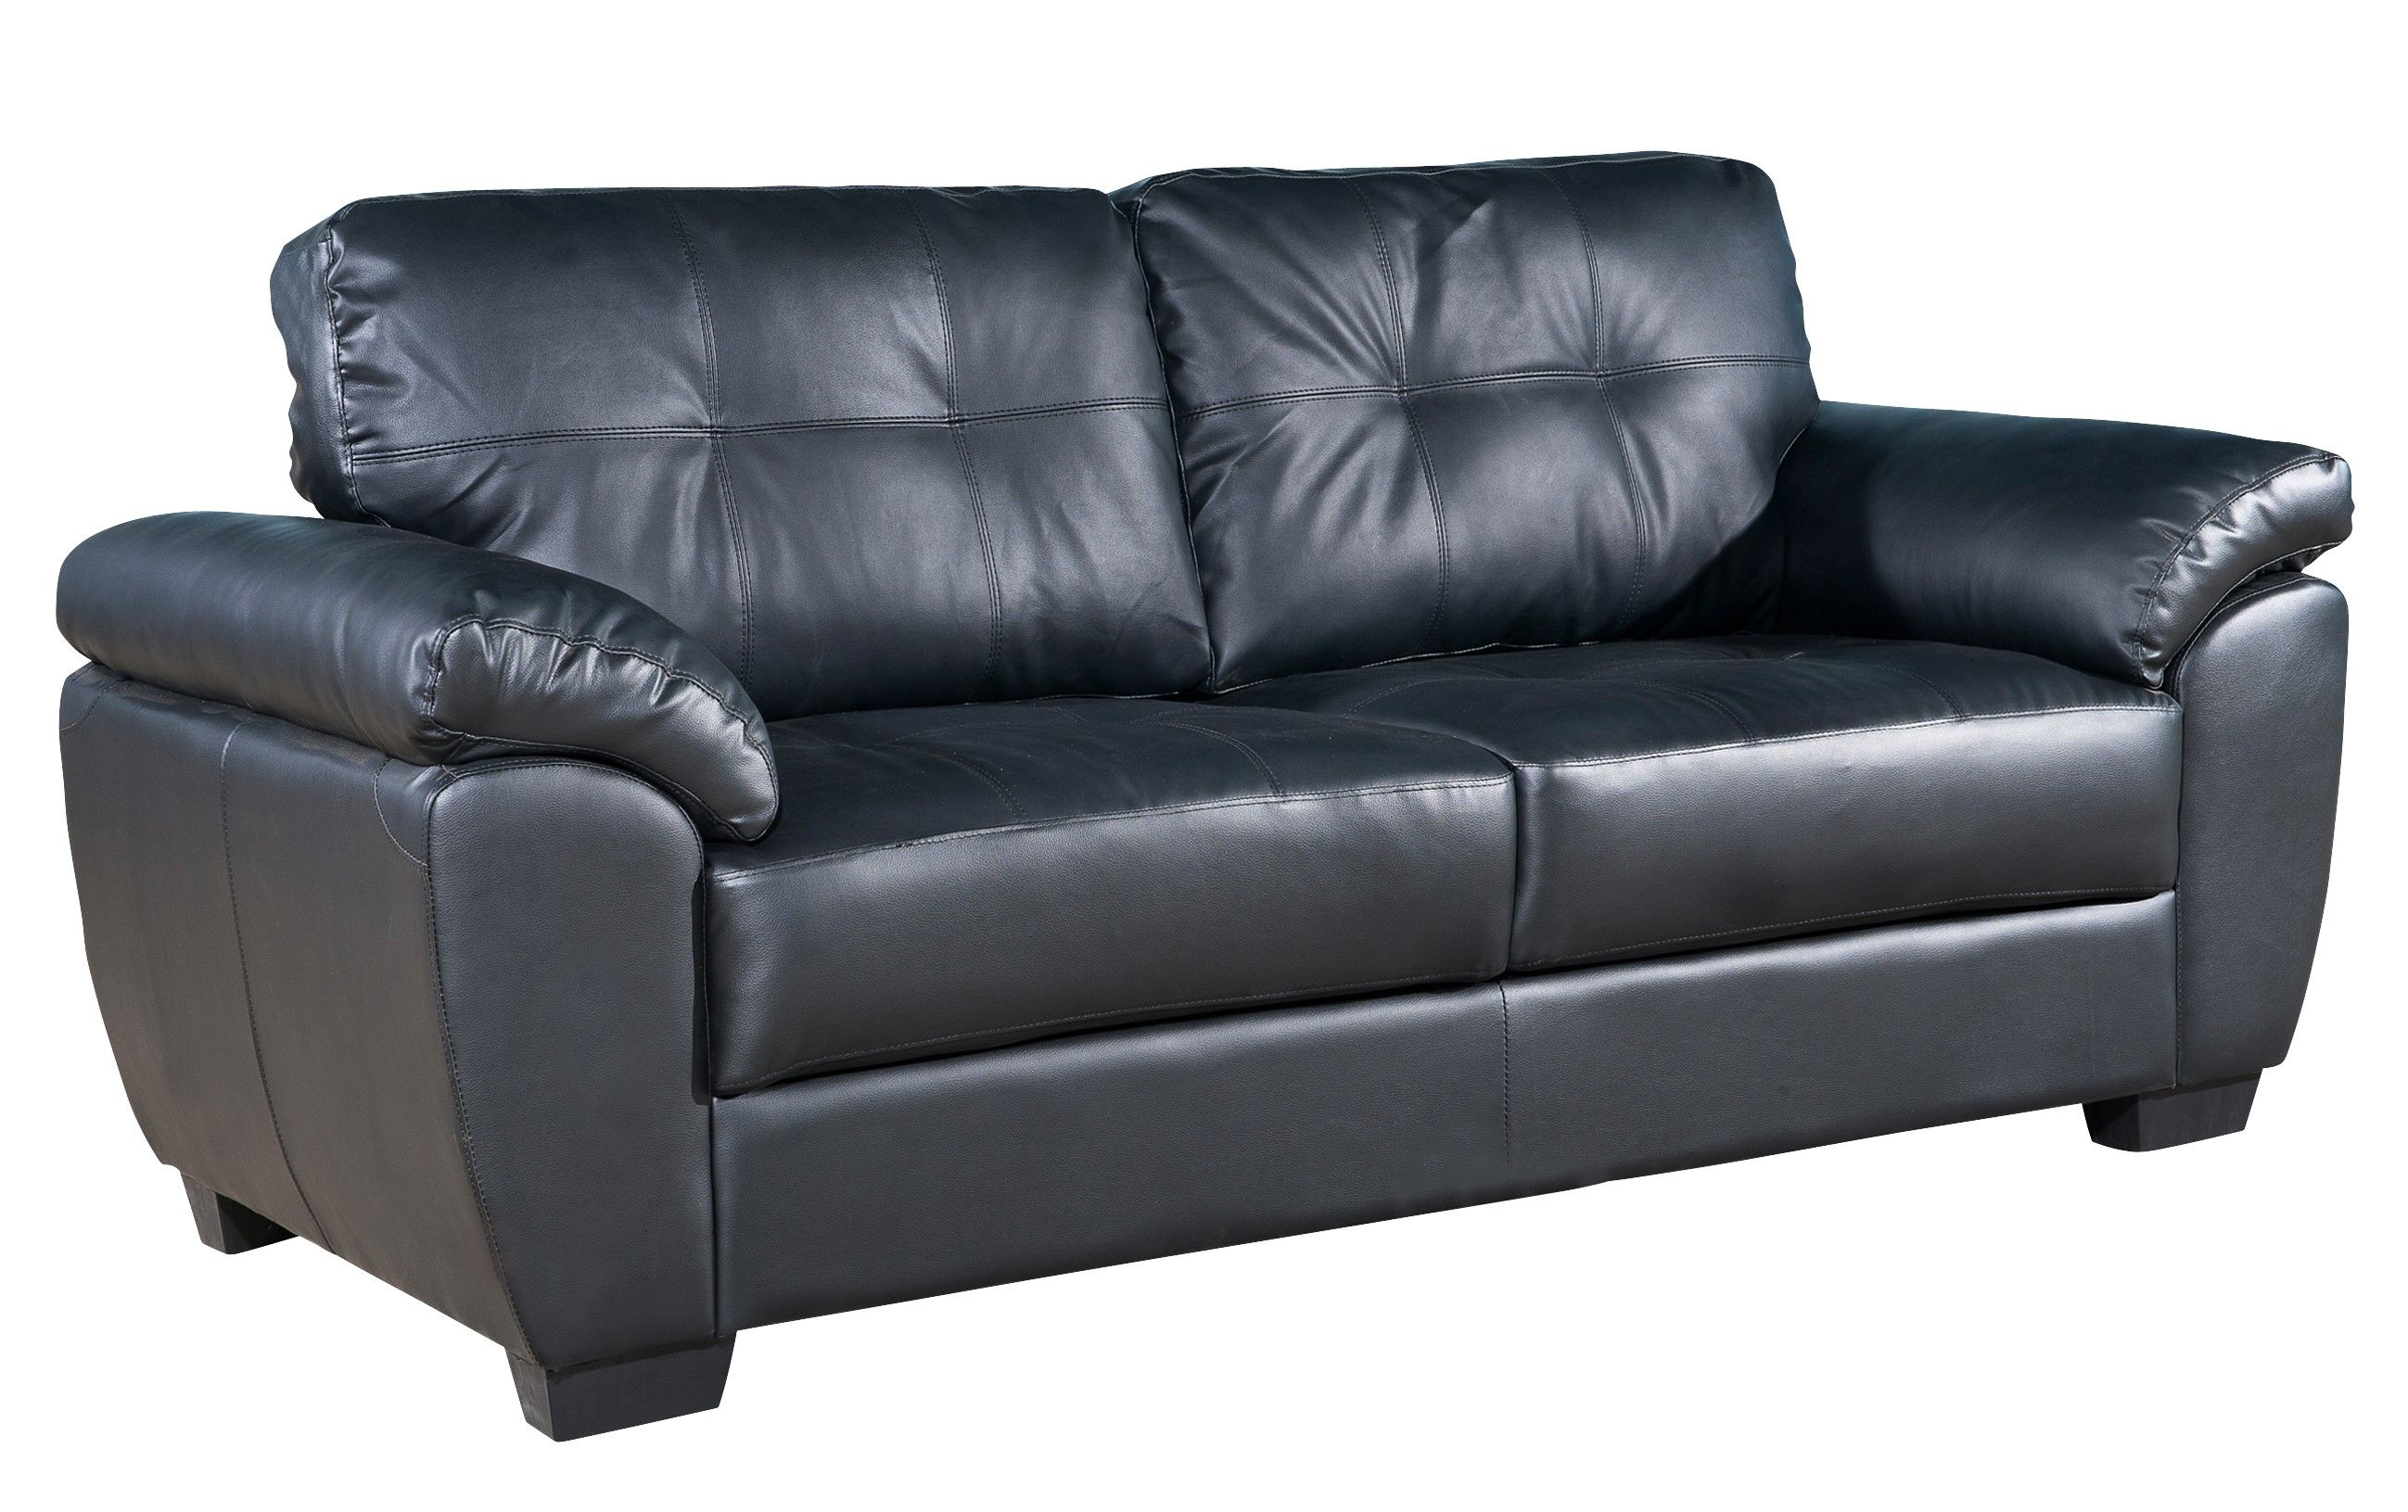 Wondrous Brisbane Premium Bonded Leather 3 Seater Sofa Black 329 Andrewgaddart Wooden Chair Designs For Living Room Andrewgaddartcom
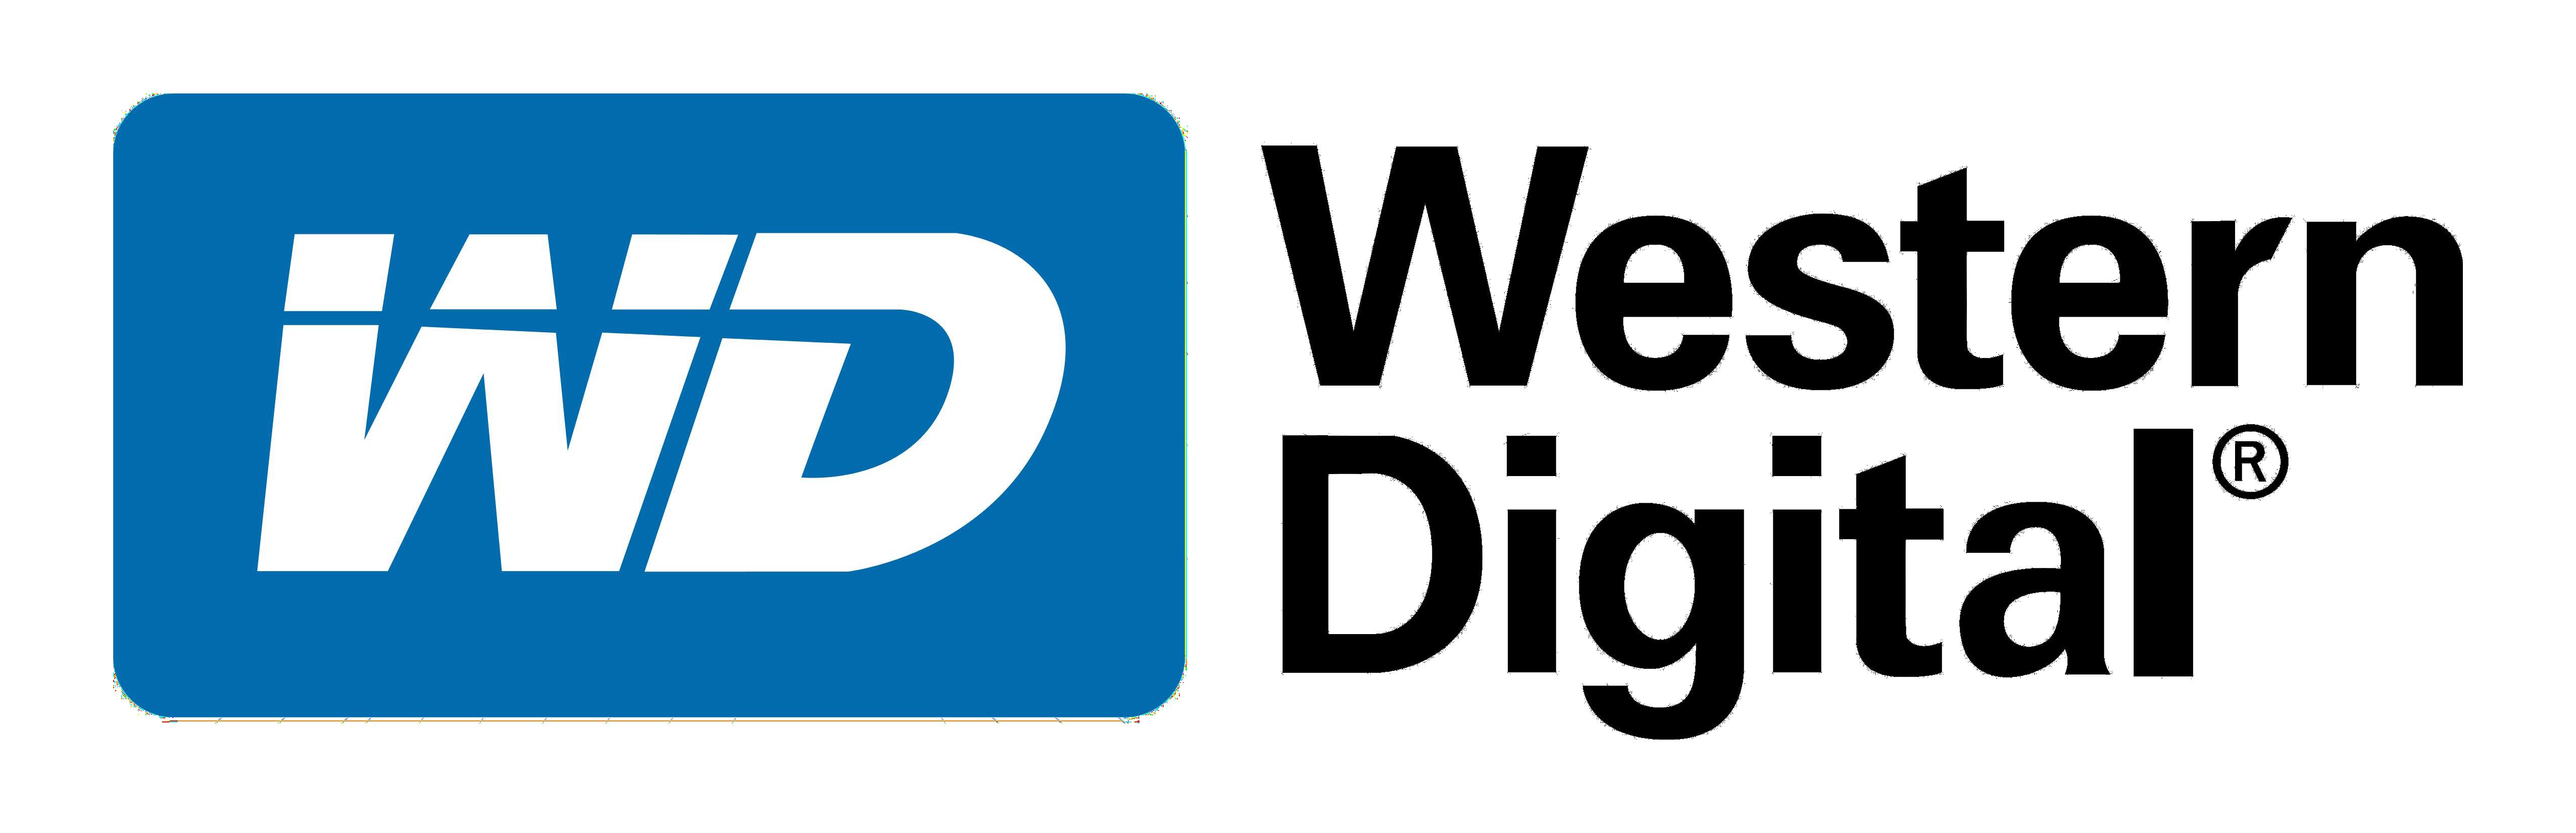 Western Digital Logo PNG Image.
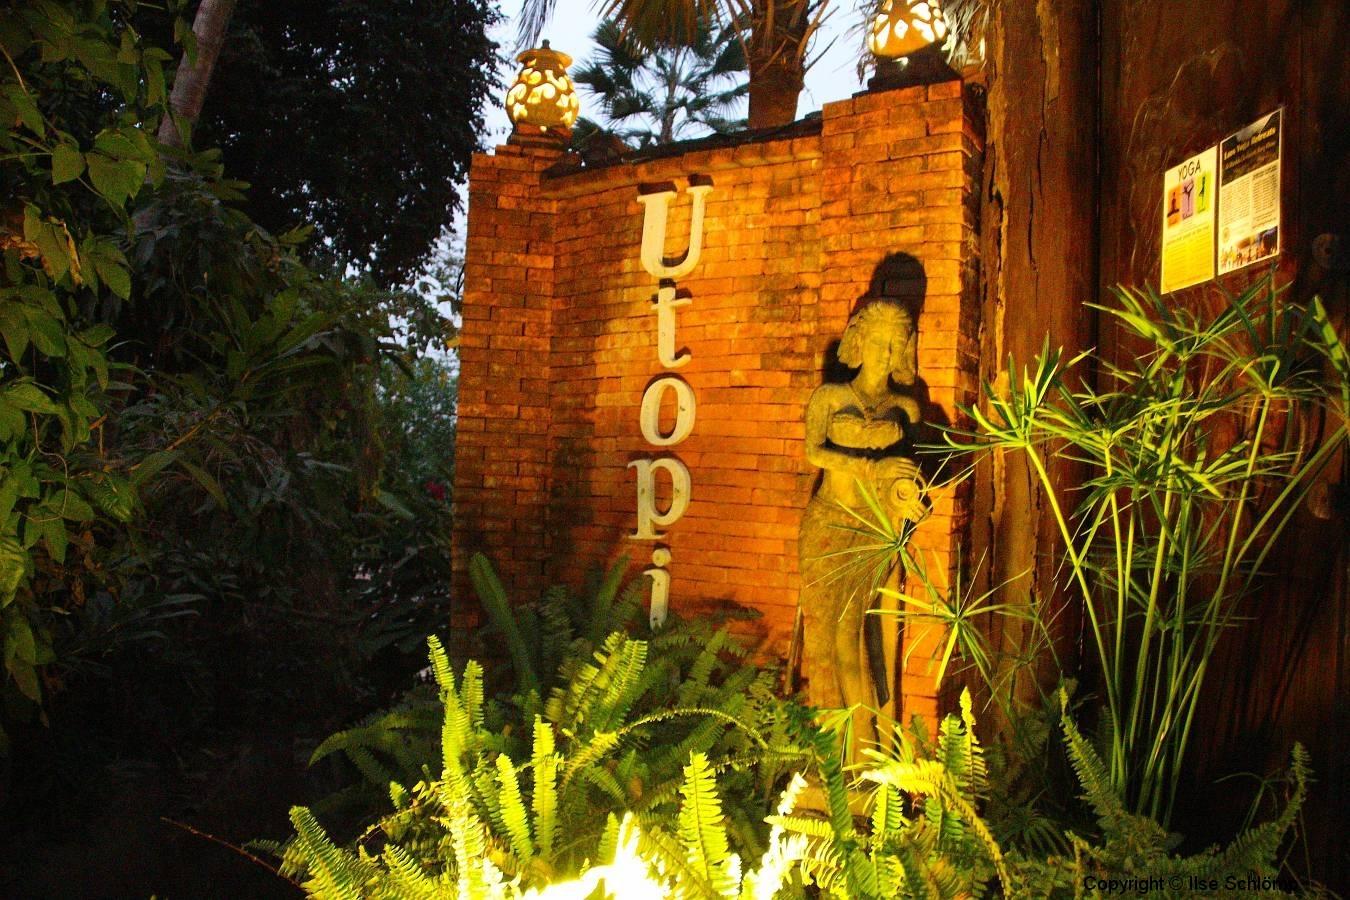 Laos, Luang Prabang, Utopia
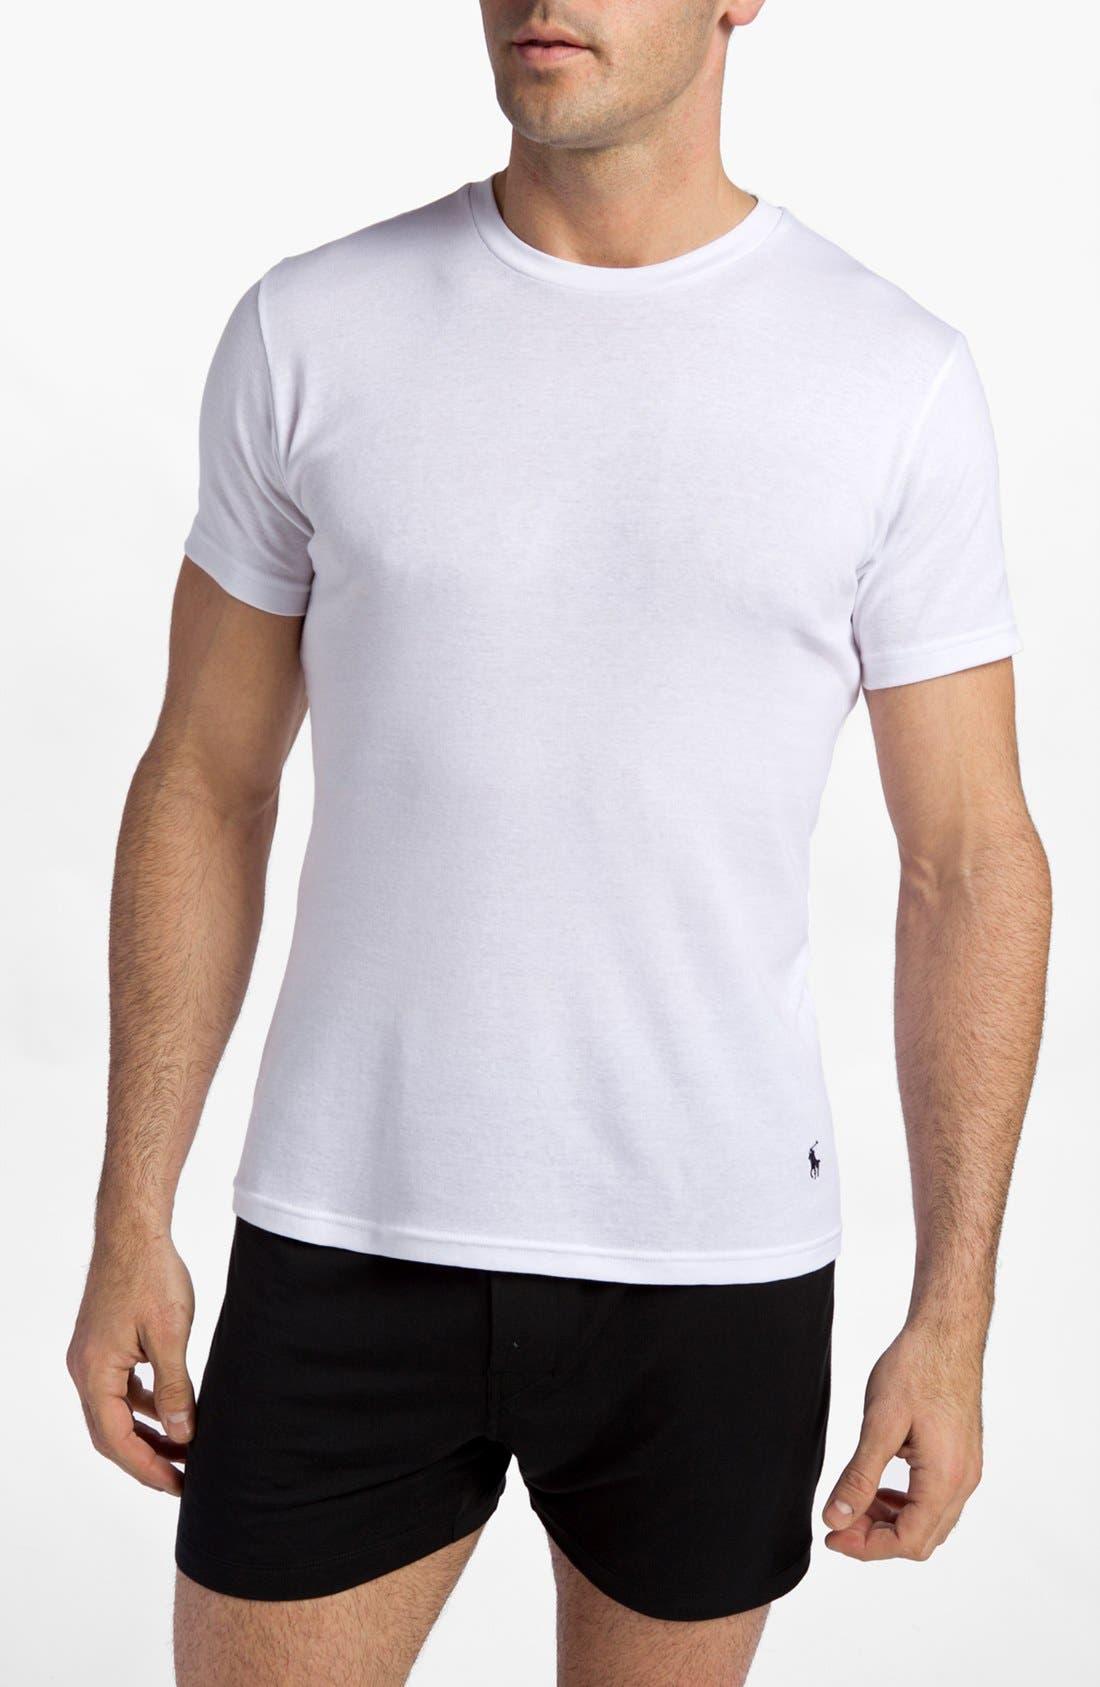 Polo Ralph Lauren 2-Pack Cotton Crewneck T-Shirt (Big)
+++
Exercise prompt: All of the material above is to be copied exactly, with no pictures.

Answer box:
 Wondrous Brisbane Premium Bonded Leather 3 Seater Sofa Black 329 Andrewgaddart Wooden Chair Designs For Living Room Andrewgaddartcom
 Western Digital Logo PNG Image.
 Laos, Luang Prabang, Utopia
 Polo Ralph Lauren 2-Pack Cotton Crewneck T-Shirt (Big)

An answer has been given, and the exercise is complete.